Editorial, “Law School Enrollment Blues,” in Japan Times
Perhaps the right rate of expansion for law schools was miscalculated.
In Japan, newspapers don’t throw up their hands and blame applicants; they sometimes criticize the government’s goals. That said, I cherish the Japan Times mistakes-were-made passive voice.
Recruitment failed to meet enrollment goals at 63 of Japan’s 73 law schools in 2011. The number of students enrolled was less than half the quota at 35 law schools, compared with only 14 under-filled schools last year.
Twenty law schools had fewer than 10 new students. The Justice Ministry’s plan to increase the number of lawyers in the country, begun in 2004 with the opening of new law schools and the introduction of a new bar exam, needs serious reassessment.
Yeah, most people who have passing knowledge on Japan’s Justice Ministry’s plan know it’s completely failed. I wrote about it last year here, “Quick Link: In Japan, Blame for Widespread Bar Exam Failure Placed on Exam, Not Scores of ‘La Vernes’,” if you’re enamored with the topic. I also bring it up because the ABA provisionally re-accredited California’s University of La Verne, despite its low bar passage rate. I’m not looking into whether it’s improved since 2011 right now, but La Verne has obviously been included in ABA or LSAC data even though it had lost its accreditation.
As for the Japan Times editorial, it veers off course, which is sad because it’s usually a good publication.
Still, the need for more lawyers is evident. Japan has one lawyer for every 4,119 people, compared with one lawyer for every 250 people in the United States. More lawyers are needed, for example, for businesses expanding abroad and for clearing up the aftermath of the Tohoku disaster. In addition, judges, prosecutors and other law professionals are needed to develop Japan’s domestic legal system, both civil and criminal.
In the above link, I searched up and down for evidence that the new law schools were justified on “lawyers per capita” reasons, but I couldn’t find it. The passage here is as good as any. It’s still a bad justification. The U.S. is a common law country, not a civil law one, and there are all kinds of rationalizations/gimmicks for why there’s not more litigation in Japan, ranging from increased reliance on mediation to resolve disputes (at all levels), Japan being a low-litigious society, to requiring plaintiffs to pay large filing fees.

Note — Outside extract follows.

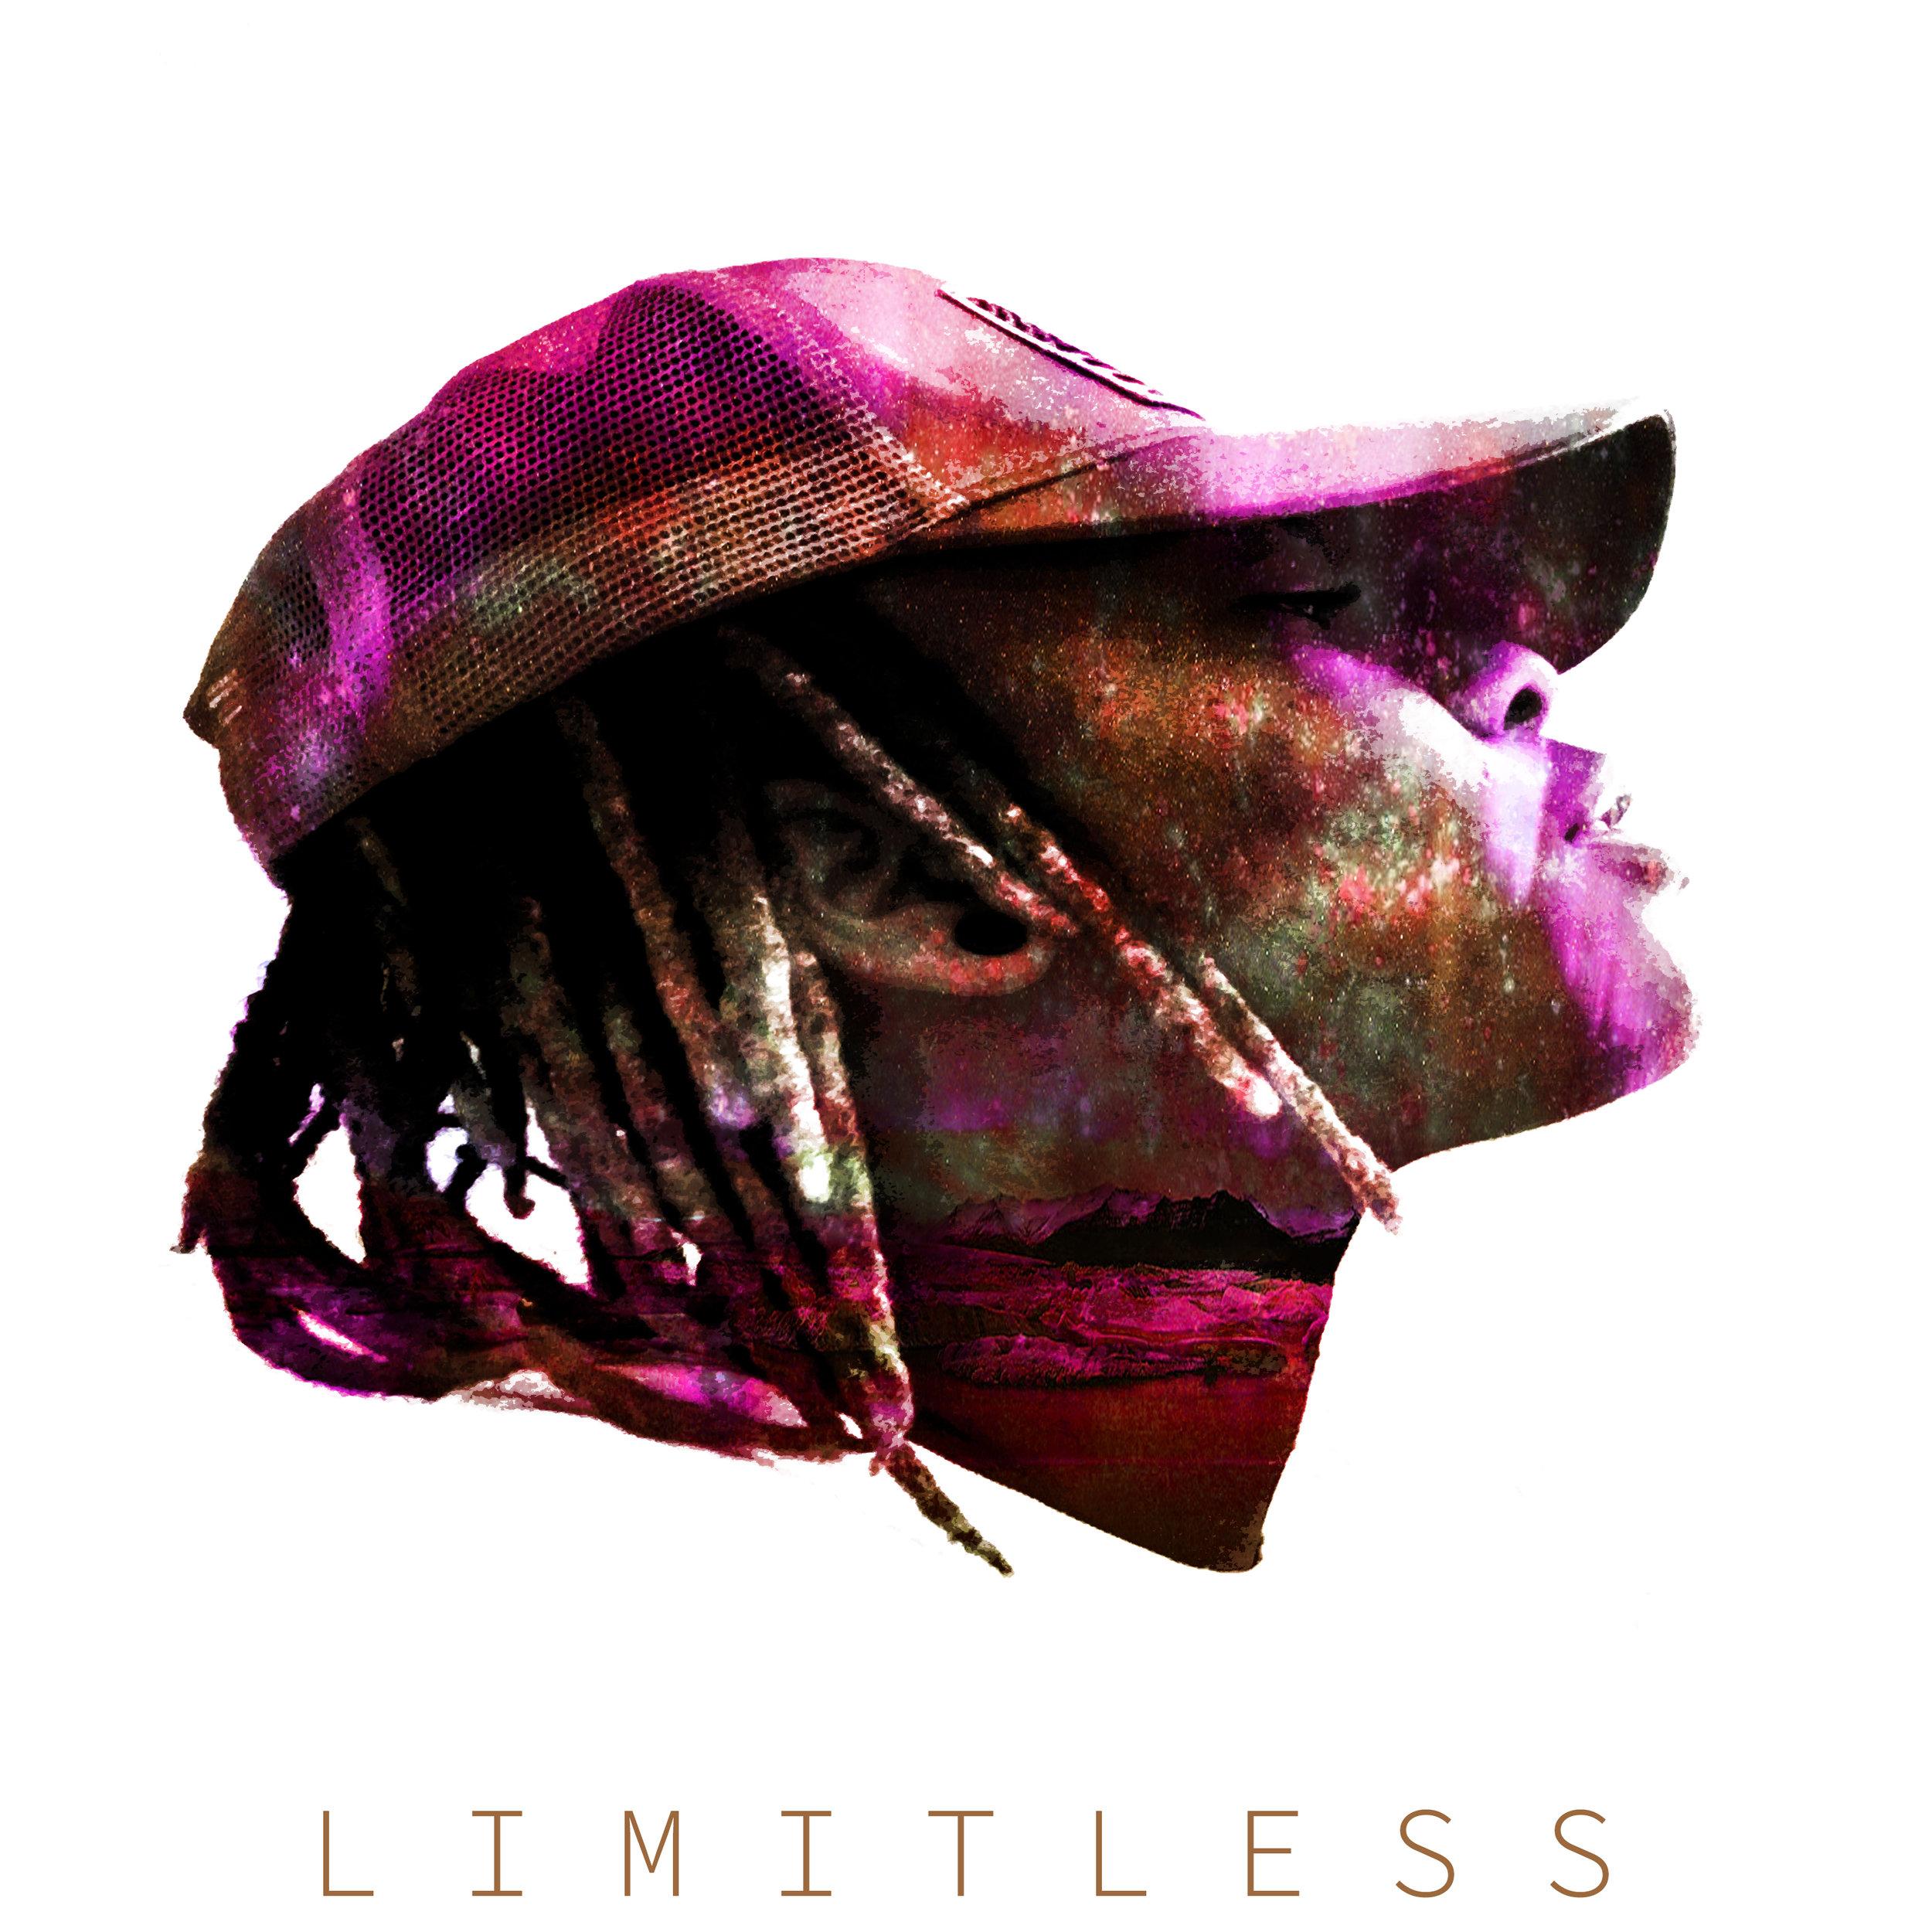 L I M I T L E S S - EP (cover).jpg

Also, as far as I’m concerned, the 1:250 ratio is not the one I’d use. It’s probably the ABA’s number of lawyers active and resident in the United States, which includes down-to-earth folk like me who ain’t a-practicing. Given the 35-year rate of law degrees, the ratio is 1:231, which at least implies that the number of ABA grads who don’t take or pass a bar exam is fairly low. This appears good. The reality, though is that the ratio of employed lawyers is much lower. Nearly 1:300 for the Current Population Survey and 1:425 by the Occupational Outlook Handbook. This of course means there are more legally educated Americans than lawyer/judge/clerk/government jobs for them. Not a shining comparison to aspire to.
As for the Japan Times excuse of needing lawyers to clean up Tohoku and to “develop” the law, I doubt the attorney shortage will hamper any litigation against the government for radiation discharges that are less than what you get when flying on an airplane.
The editorial rights its footing on blaming the applicant drop on the country’s improved bar exam: only a quarter of test-takers pass it, which means law schools are better off teaching the test in order to stay alive rather than “how the law actually works”—whatever that means.
Japan needs a more realistic exam with questions pertaining to the theory as well as the practice of law. Lawyers, like doctors and teachers, also benefit greatly from an apprentice system that provides hands-on experience.
These are good ideas. A professional licensing system is costly to either consumers of their services, the professionals, or the public if it nationalizes the education system. To the extent that licensing works, easing the costs while improving training is the only solution.
The editorial moans:
Many aspiring students have spent millions of yen, often at both law and cram schools, only to fail the bar exam repeatedly.
Hey, at least they didn’t put six figures of debt into IBR.